In 2013, console makers Microsoft and Sony looked toward a future they thought was going to completely change the video game industry. Like Nintendo had the year before with the Wii U, the other two platform holders tried to incorporate big new technology ideas into their new consoles, adapting to trends such as touchscreens, mobile app integration, motion control, voice control, and the power of cloud integration. With the Xbox One, Microsoft envisioned a completely new game console that would power your entire living room and tried to completely change the game with its hardware and capabilities.
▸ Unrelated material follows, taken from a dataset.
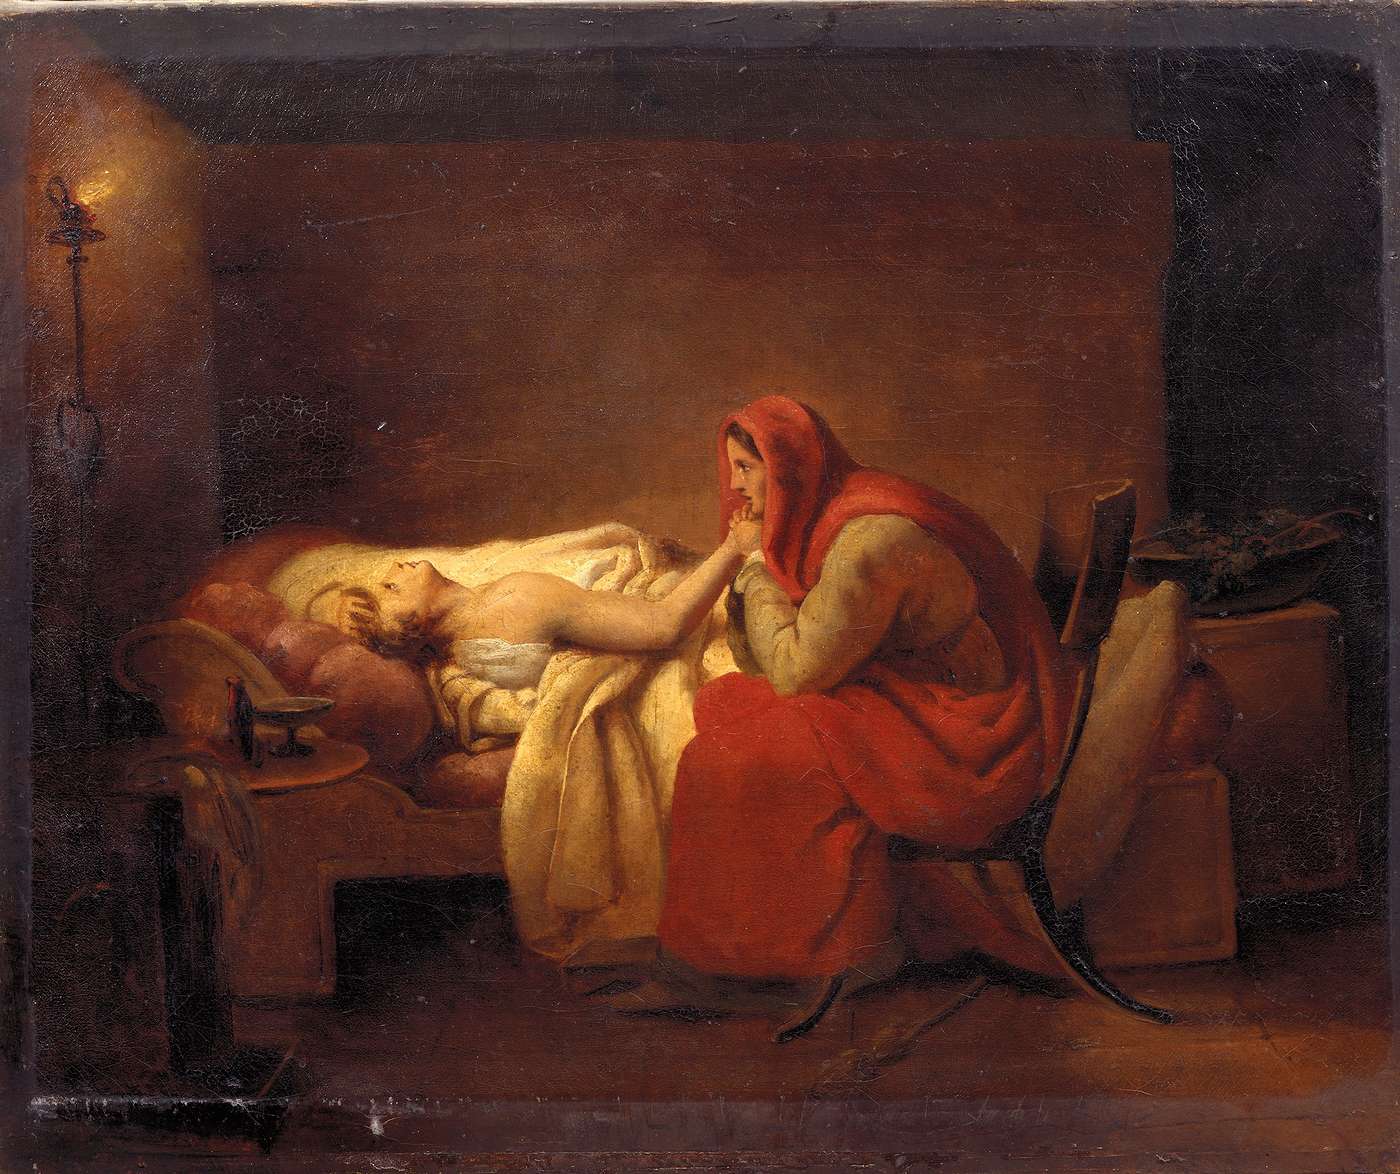 Le jeune malade. Ary SCHEFFER (1795 - 1858) 1824 Musée Magnin 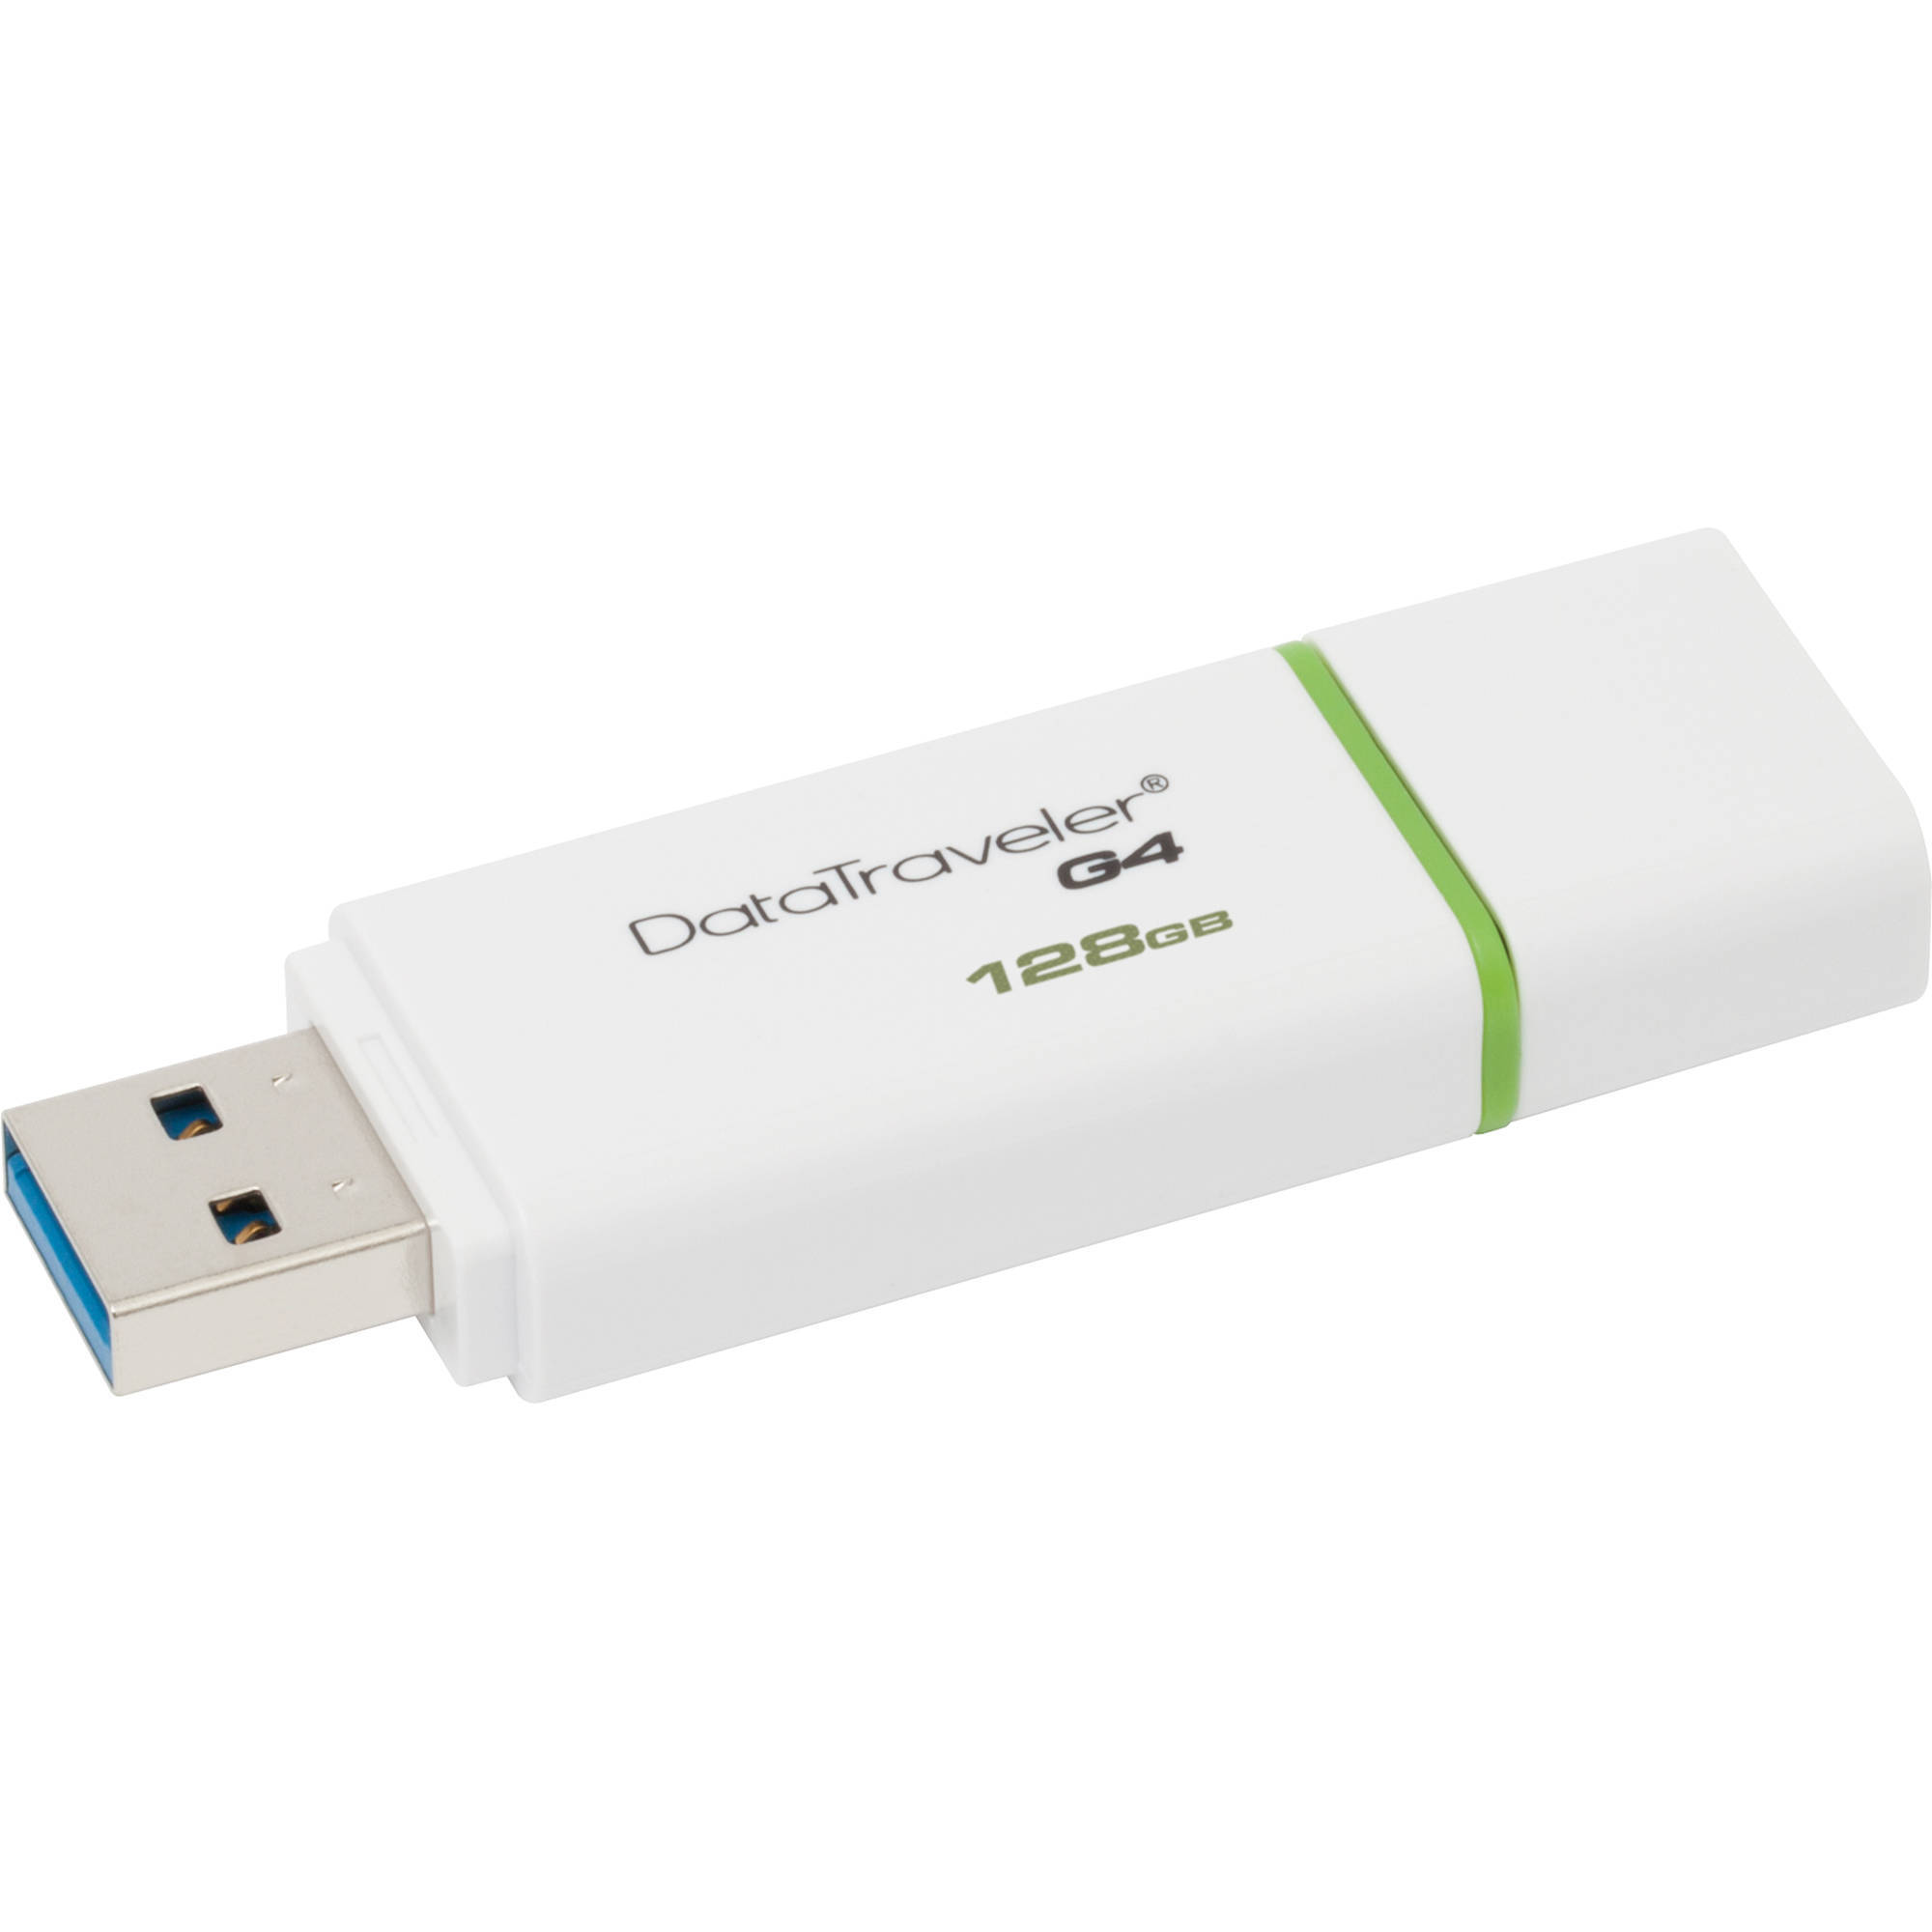 USB Kingston DTIG4 128GB - USB 3.0

As we near the release of the ninth generation of consoles and the Xbox Series X and PlayStation 5, though, things are very different. Most of the ideas that defined the Xbox One when it was announced have disappeared from the console, and new elements that were initially discounted have come to help define it. We’re looking back at some of the best and worst tech ideas of the Xbox One, from the ill-fated Kinect to the about-face that made backward compatibility possible. The Xbox One’s story is a strange one, and the console has gone through some drastic changes–largely for the better.
Be sure to also check out our rundown of the best and worst PlayStation 4 tech and hardware as well.
Kinect To Everything
The defining feature of the Xbox One at launch was one of the feathers in Microsoft’s cap from the Xbox 360 era: Kinect. This natural motion interface camera was a pretty impressive piece of tech with the 360–the camera could map your body and the environment around you, allowing you to control games with your motions without the need for additional controllers or hardware, unlike Nintendo’s Wii remote or Sony’s PlayStation Move. For the Xbox One, Microsoft expanded on Kinect, making it a required part of the system and packaging it with the system.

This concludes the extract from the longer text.